Hopf solitons and Hopf Q-balls on S^3

TL;DR

This paper constructs and analyzes static and time-dependent Hopf solitons and Q-balls on S^3 within various sigma models, revealing new knotted configurations and exact solutions, including topological Q-balls and stationary hopfions.

Contribution

It provides explicit solutions for knotted Hopf solitons and Q-balls on S^3, expanding the understanding of topological solitons in integrable and non-integrable sigma models.

Findings

Explicit static and time-dependent knotted configurations on S^3.

Existence of topological Q-balls in the $CP^1$ model with potential.

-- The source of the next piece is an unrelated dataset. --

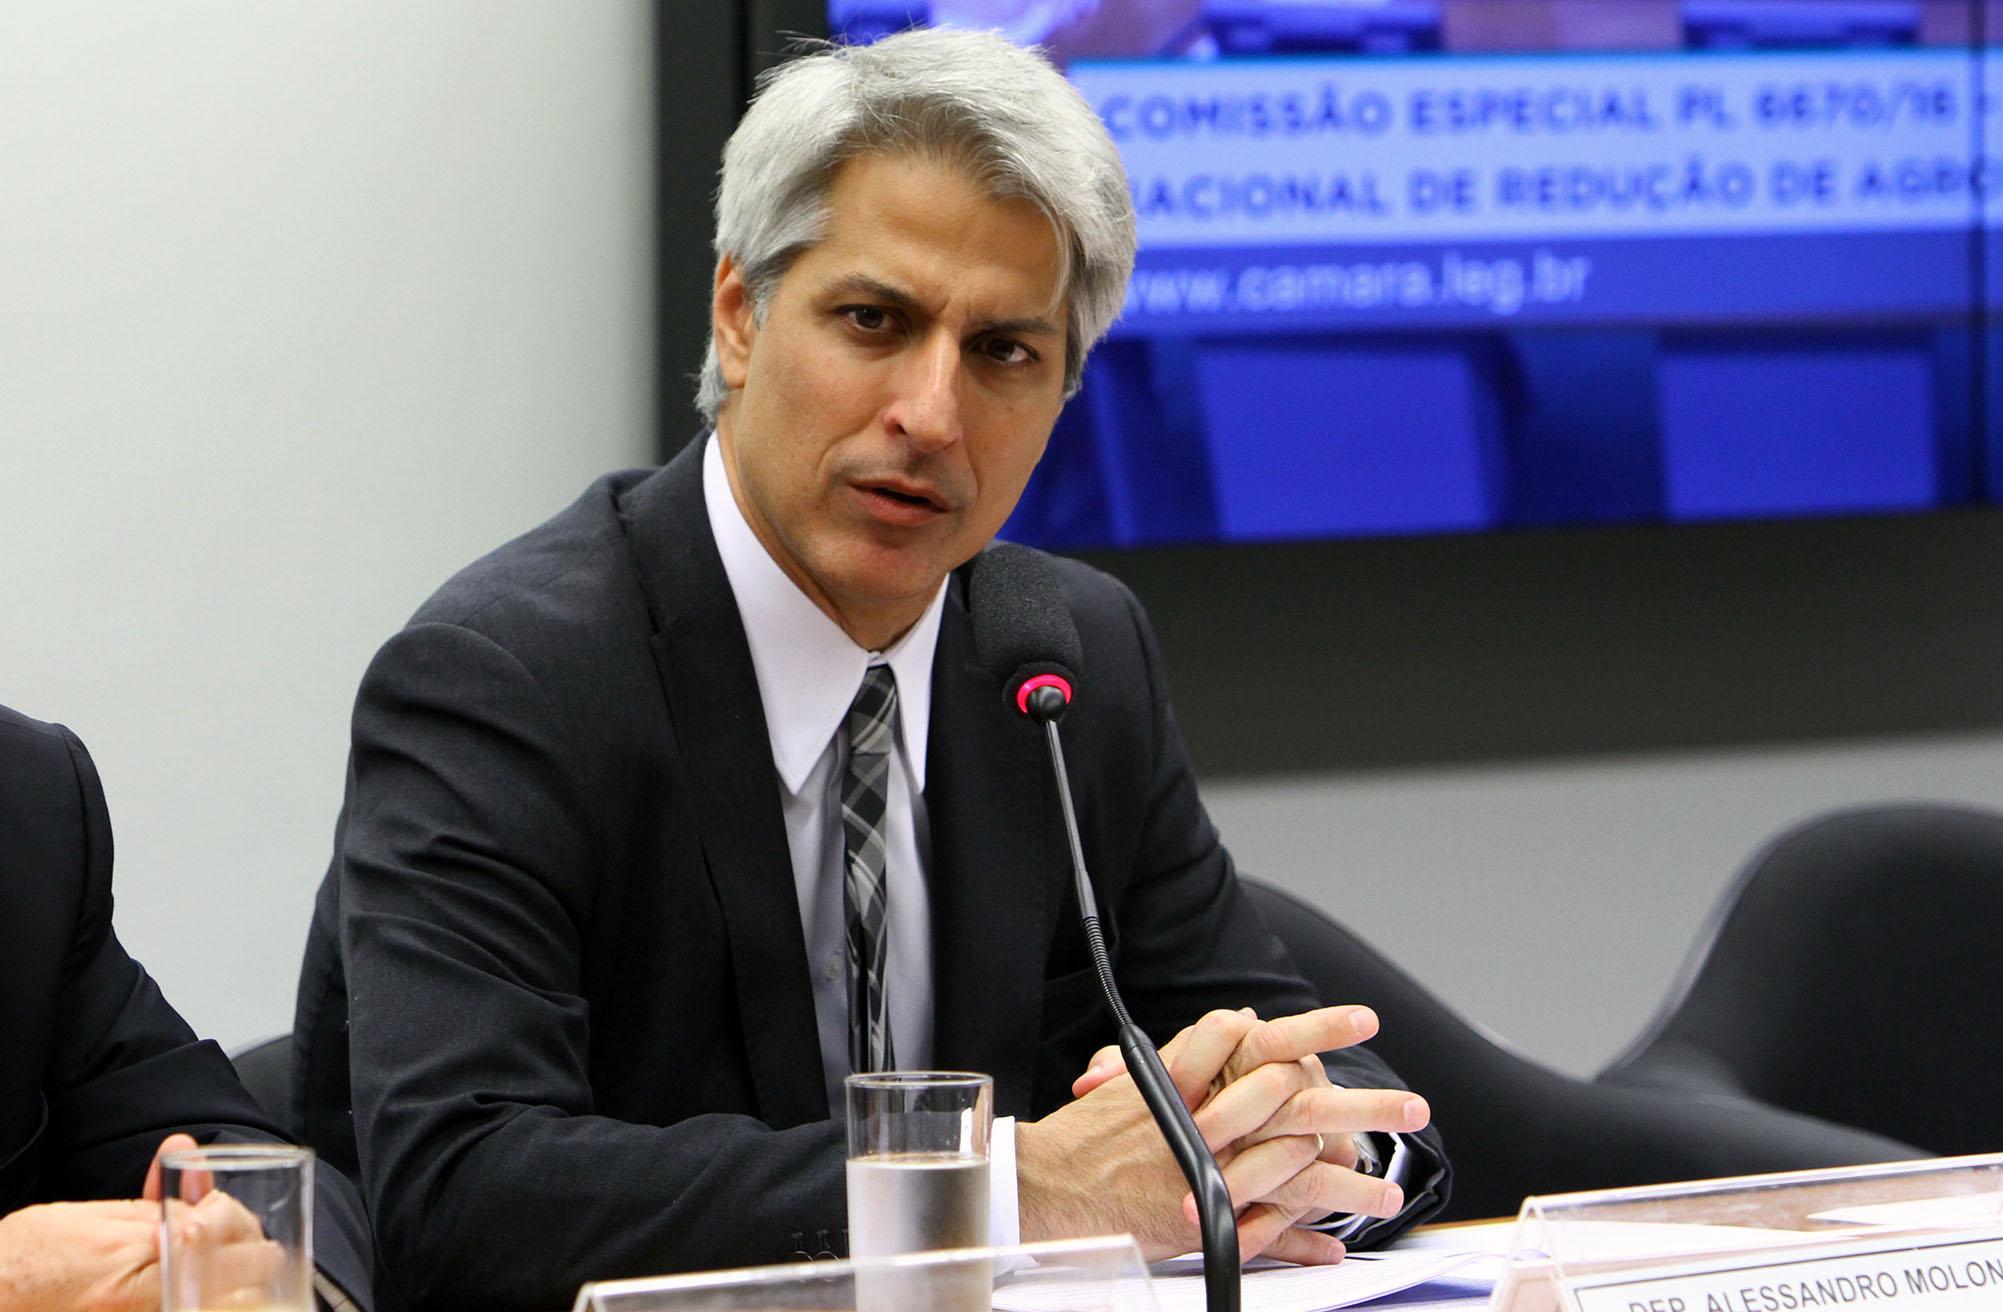 Audiência pública sobre a importância para o Brasil, de uma Política Nacional de Redução dos Agrotóxicos - PNARA. Dep. Alessandro Molon (PSB - RJ)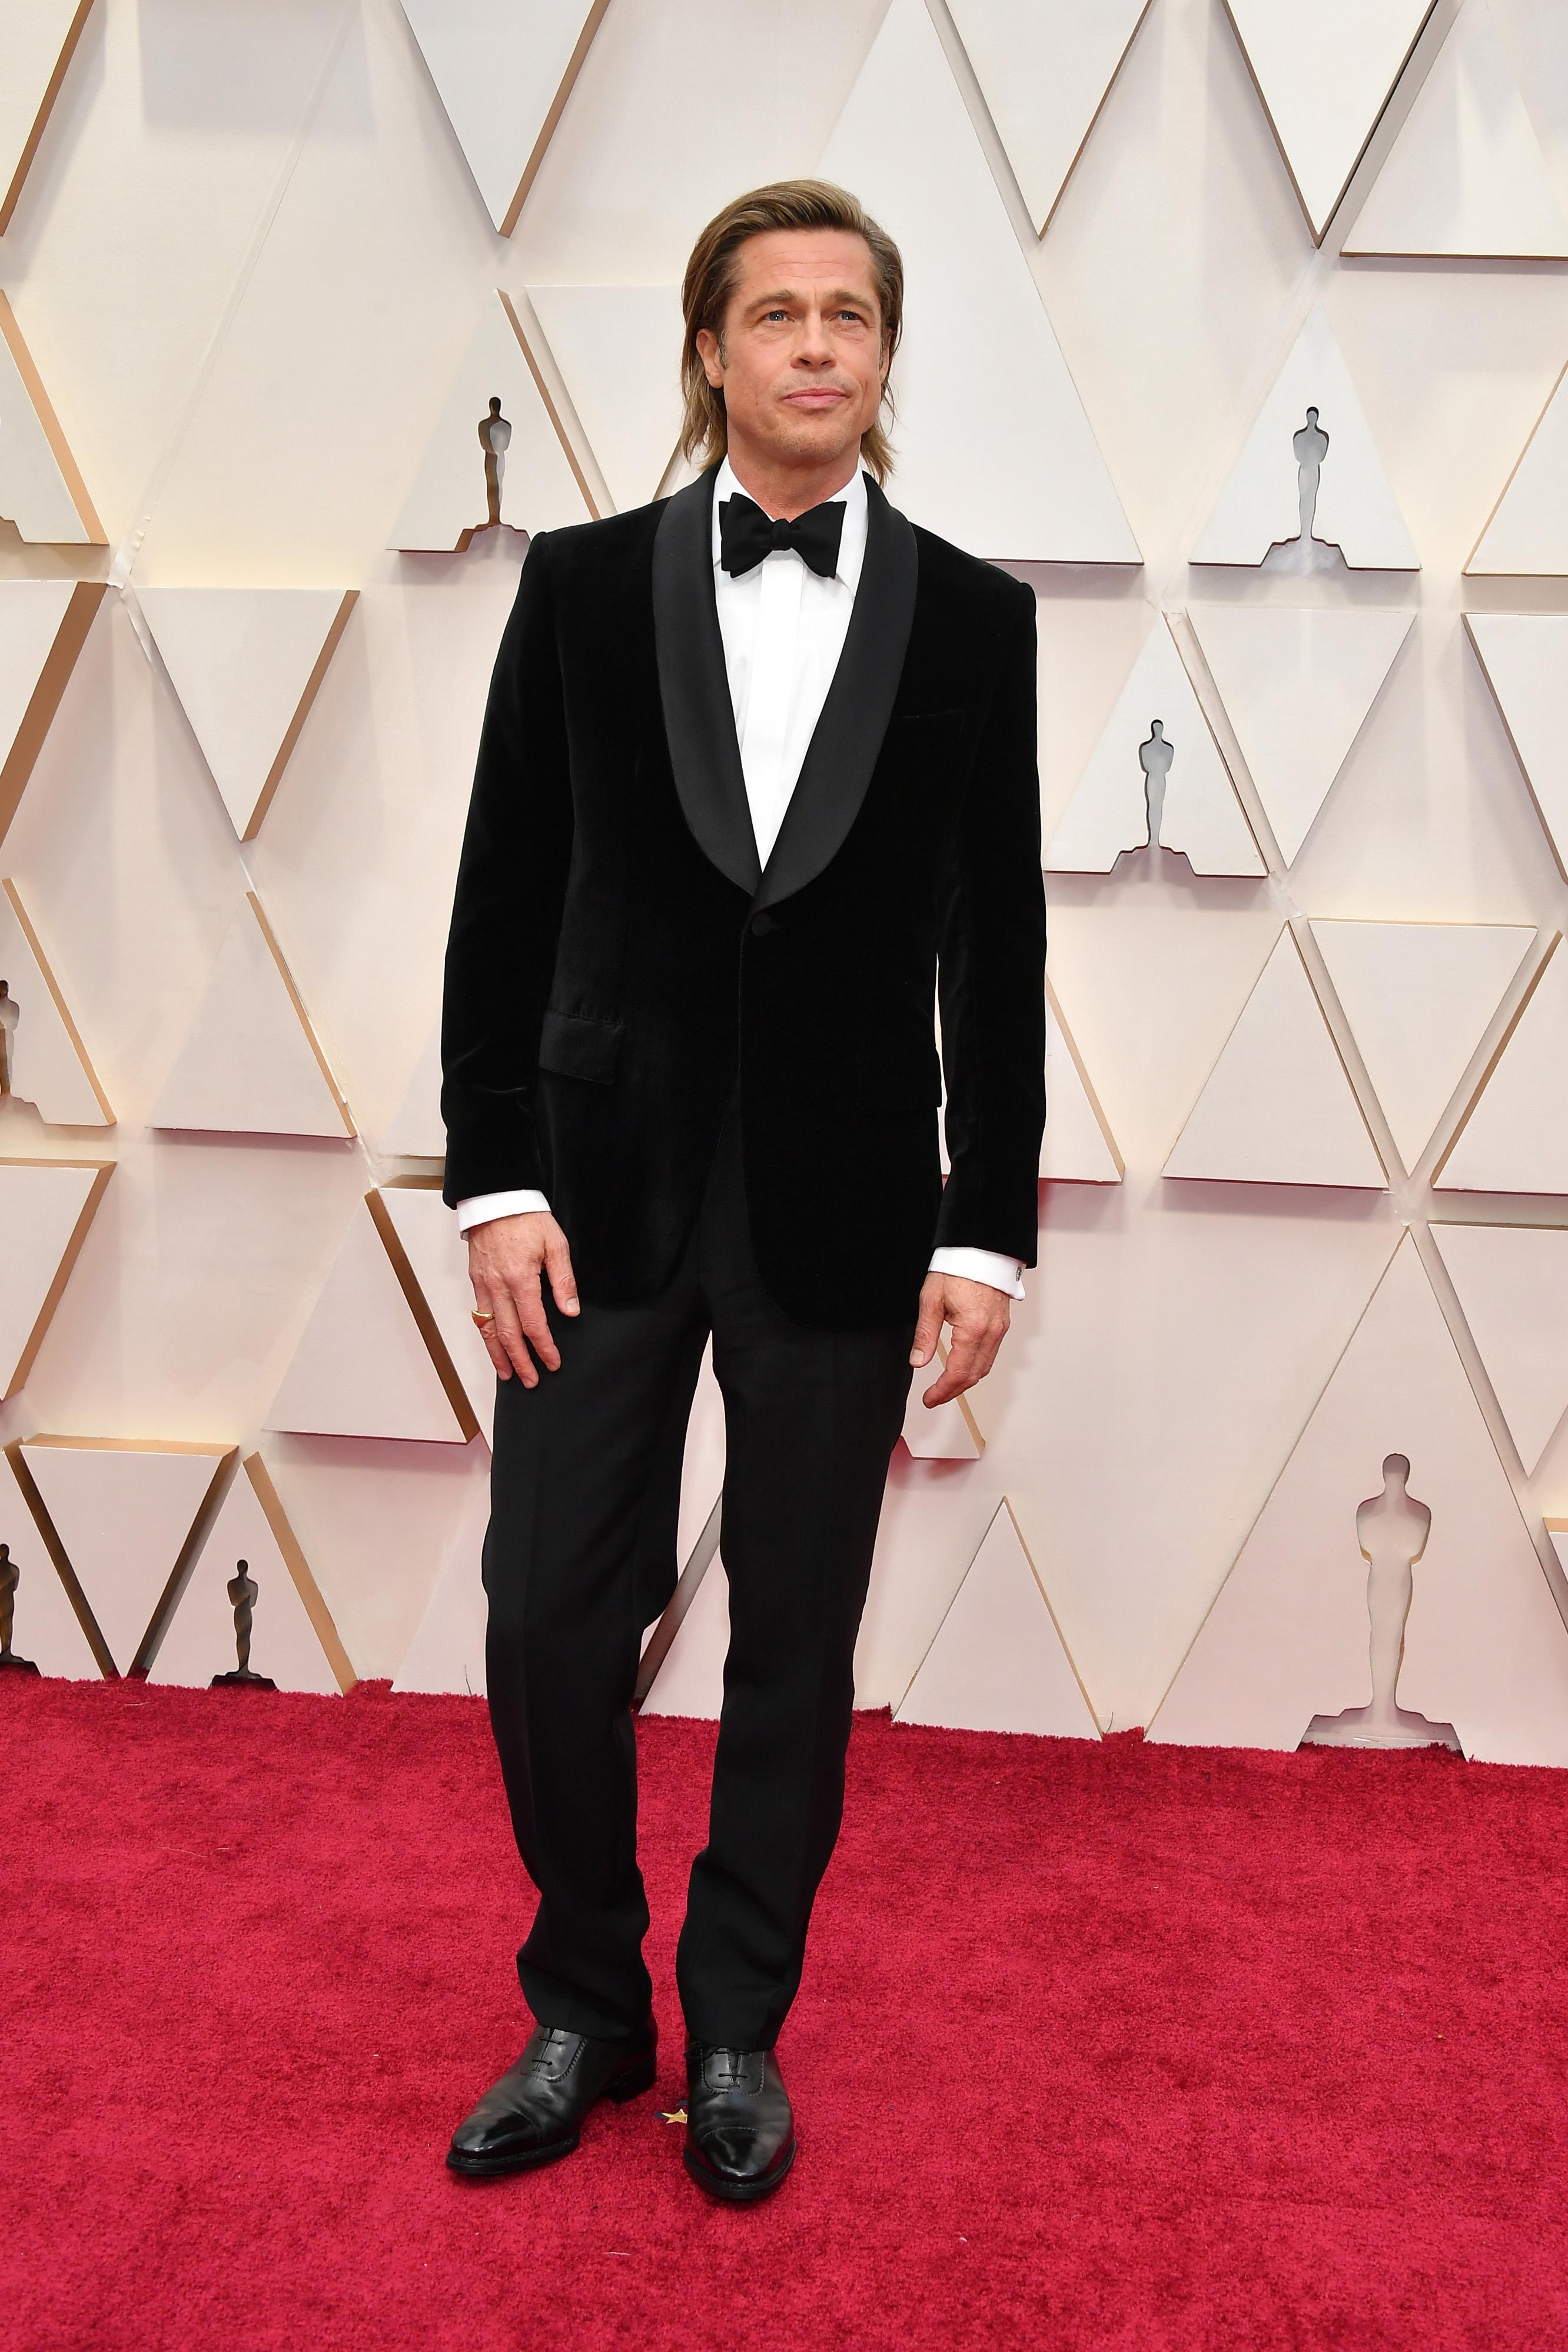 Брад Пит  Когато изглеждаш като Брад Пит не е трудно да обереш овации и за най-добре облечен актьор. Смятаме контраста между кадифеното сако и вълнените панталони за добър fashion statement.

Construction of exact static and stationary Hopf solitons in the Faddeev--Niemi model.

Abstract

Field theories with a $S^2$-valued unit vector field living on $S^3 \times \RR$ space-time are investigated. The corresponding eikonal equation, which is known to provide an integrable sector for various sigma models in different spaces, is solved giving static as well as time-dependent multiply knotted configurations on $S^3$ with arbitrary values of the Hopf index. Using these results, we then find a set of hopfions with topological charge $Q_H=m^2$, $m \in \mathbf{Z}$, in the integrable subsector of the pure $CP^1$ model. In addition, we show that the $CP^1$ model with a potential term provides time-dependent solitons. In the case of the so-called "new baby Skyrme" potential we find, e.g., exact stationary hopfions, i.e., topological $Q$-balls. Our results further enable us to construct exact static and stationary Hopf solitons in the Faddeev--Niemi model with or without the new baby Skyrme potential. Generalizations for a large class of models are also discussed.